In operation, the microchip C⁴D system 40 is assembled in stages so that the CE microchip 90 is properly positioned in the recess 52 of holder 50 as shown in FIG. 1. First, the microchip 90 is placed in the holder 50. Second, the clamp 53 is engaged to hold the microchip 90 in place so as to prevent movement or shifting of the microchip in the recess while analyte detection is in process. Third, the adhesive detection electrodes 64, 65 are arranged and positioned so as to removably adhere to the upper surface 96 of the microchip, or to the flat floor of the holder 50. The arrangement and positioning of the detection electrodes 64, 65 is performed carefully so that the electrodes are near the separation channel 95 and disposed so as to be anti-parallel to the longitudinal axis A-A of the separation channel. In addition, the detection electrodes 64 and 65 are preferably placed so that the Faraday shield 54 is positioned between these two electrodes. Preferably, when the microchip 90 is provided with a pair of grooves 112, 114 for receiving the detection electrodes, each detection electrode is disposed in one of the grooves to ensure a more reliable and consistent detection electrode placement. In this case, the adhesive surface of each detection electrode 64, 65 is arranged so as to adhere to the floor of the respective groove 112, 114, and the geometry of the grooves ensures that the Faraday shield 54 is arranged between these two electrodes. When grooves for detection electrode placement are utilized, the grooves will permit placement of the detection electrodes 64, 65 closer to the separation channel 94, which results in greater analyte detection sensitivity for the C⁴D system 40.

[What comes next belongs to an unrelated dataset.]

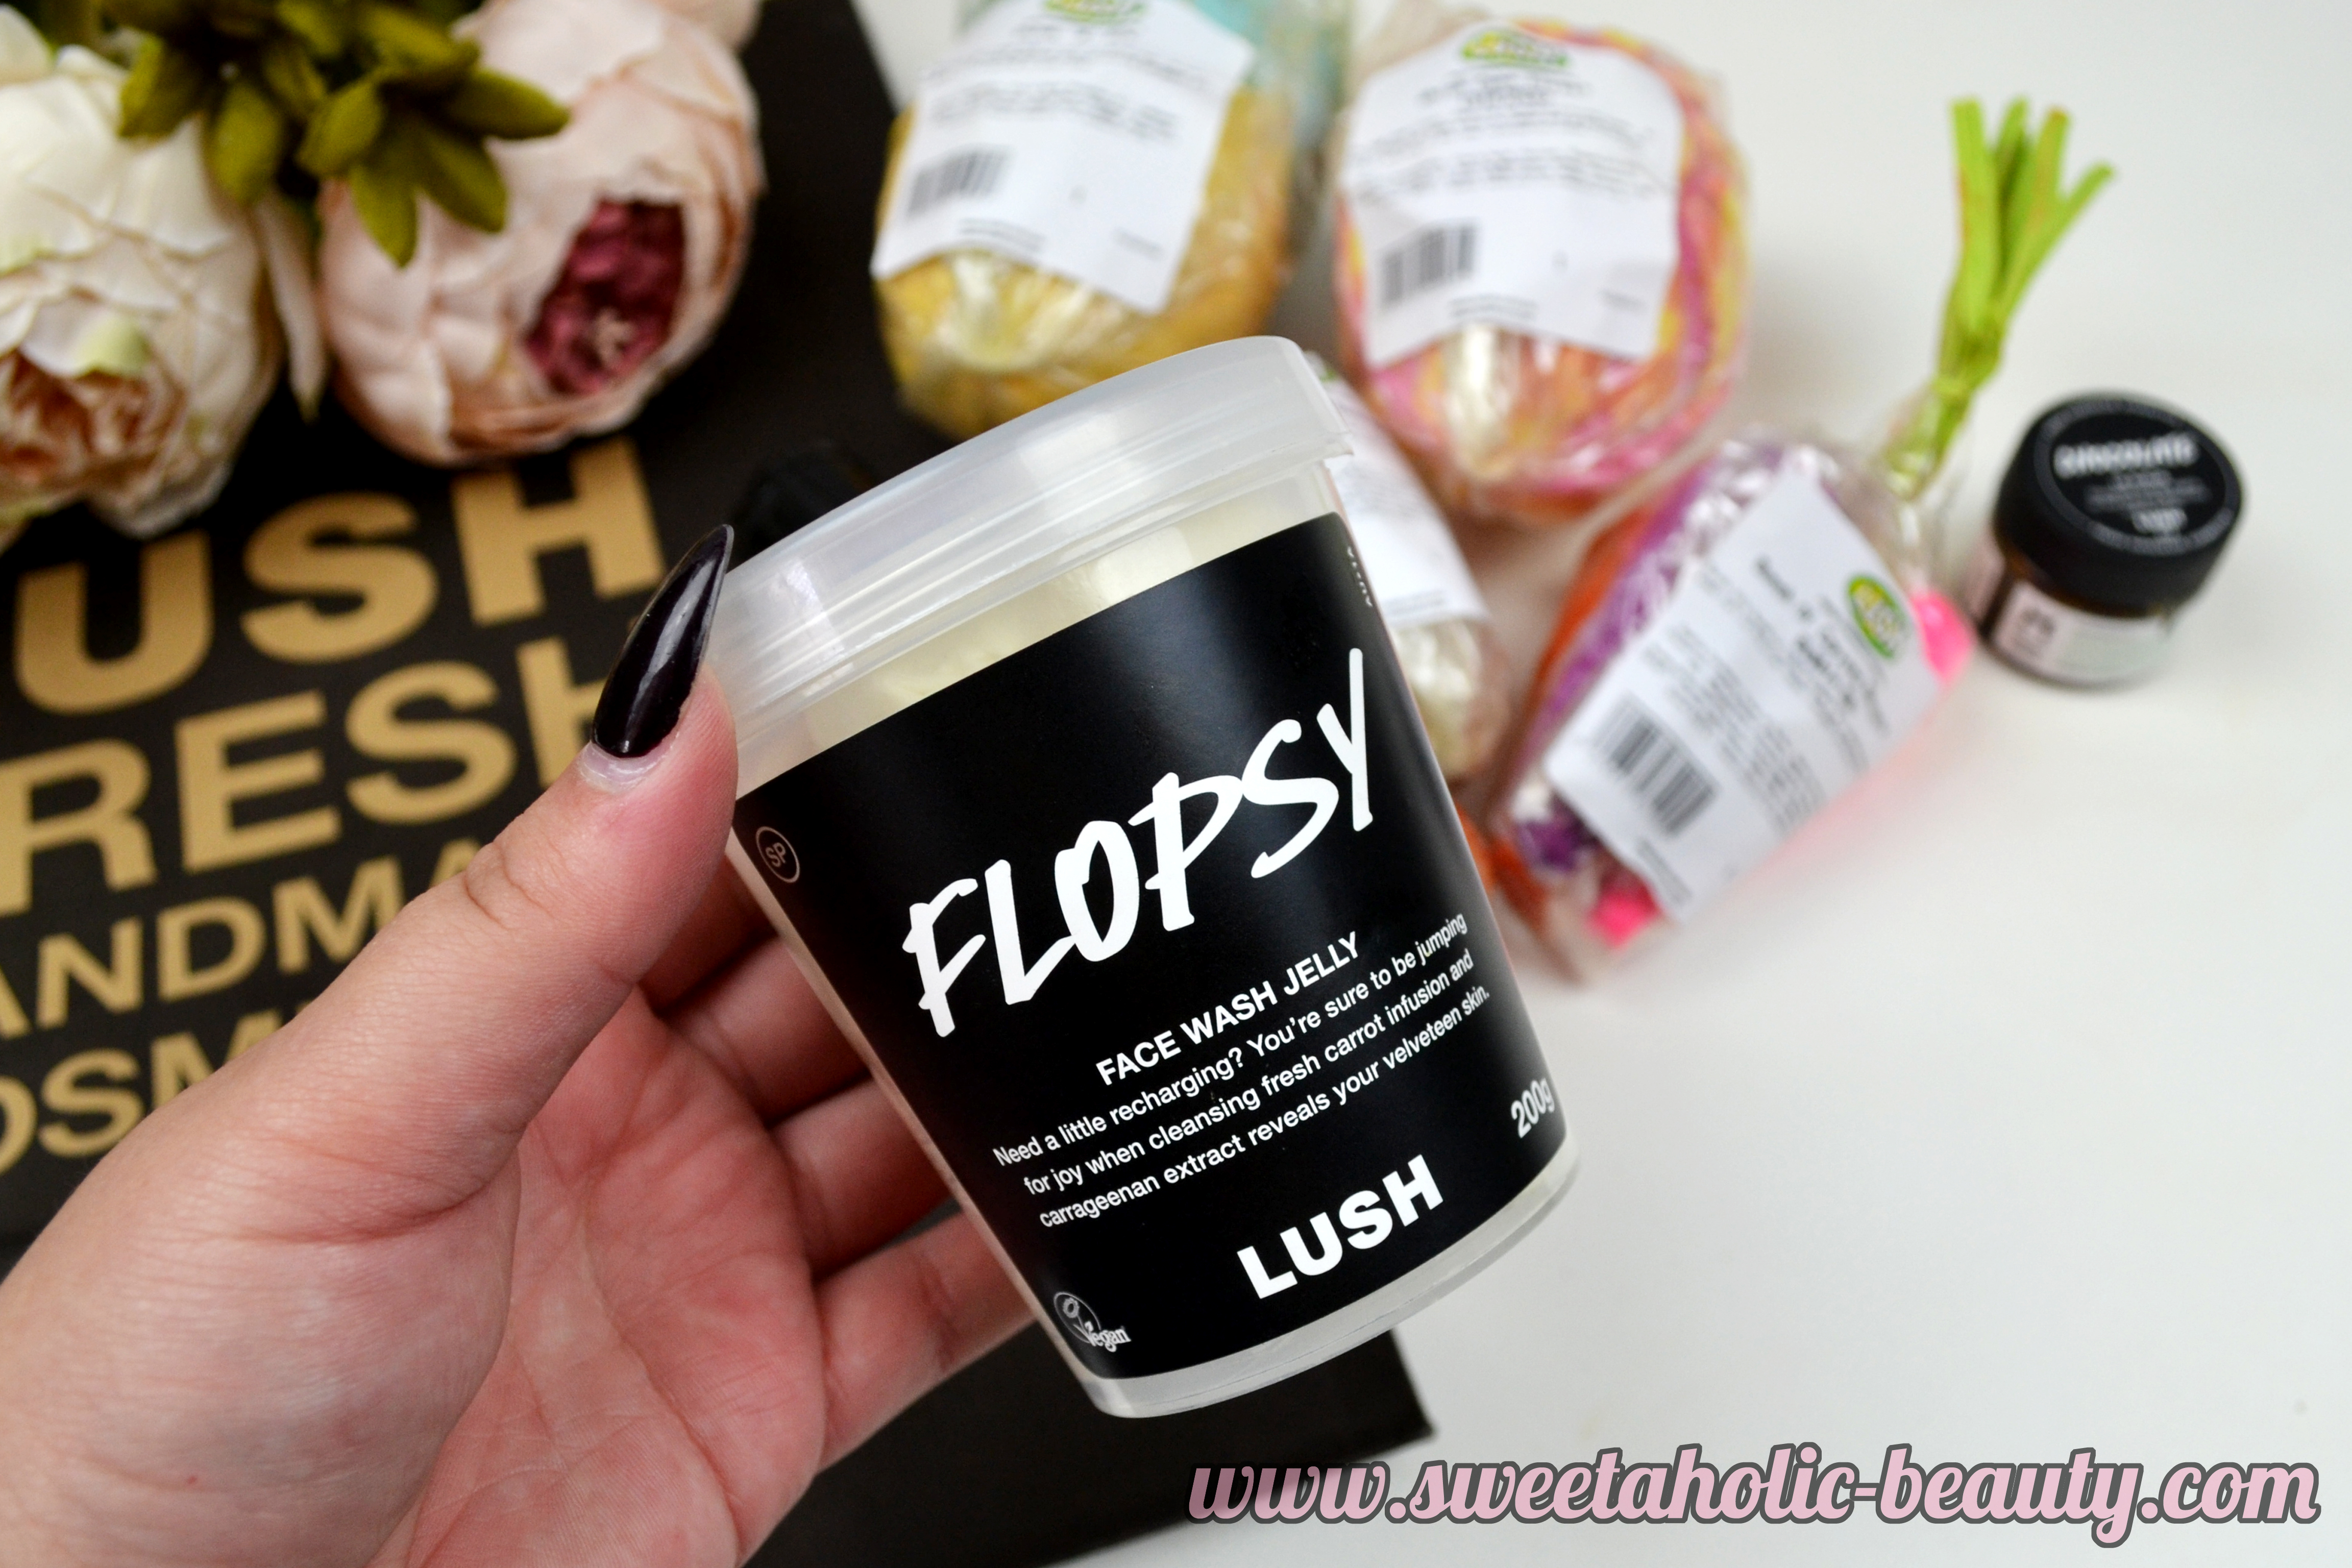 Lush Cosmetics Easter Collection 2017 - Sweetaholic Beauty

Once the microchip 90 has been secured in the holder 50 by engaging the clamp 53, and the detection electrodes 64, 65 properly applied to the microchip, the channels in the microchip must be primed with buffer and the sample reservoir loaded with a sample analyte solution. First, the run buffer reservoir 104 is injected with a suitable run buffer using a hypodermic needle, or a pipette tip, until the injection cross 98, the separation channel 94, and the reservoirs 106, 108, 110 are suitably filled with run buffer. Suitability of a run buffer is dependent upon the nature of the selected analyte so a comprehensive listing of run buffers will not be provided. However, for example, a 1:1 morpholinoethansulfonic (MES)/histidine (His) buffer at its natural pH may be used for analyzing alkaline earth analytes, inorganic anions, and organic acids. 18-Crown-6 is included in the MES/His buffer for resolution of rubidium and potassium during cation analysis. For heavy metal analytes, a histidine, α-hydroxyisobutyruic acid (HIBA) buffer at pH 4.5 may be employed. For analysis of amino acids, a 10 mM 3-(cyclohexylamino)-1-propansulfonic acid (CAPS)/50 mM 2-amino-2-methyl-1-propanolol (AMP) buffer at pH of 10.8 may be used. However, the present invention is not limited to any particular analyte and buffer combination. Those skilled in the art of capillary electrophoresis would realize that the present invention is practiced using a run buffer that is most suitable for the particular analyte(s) selected for detection.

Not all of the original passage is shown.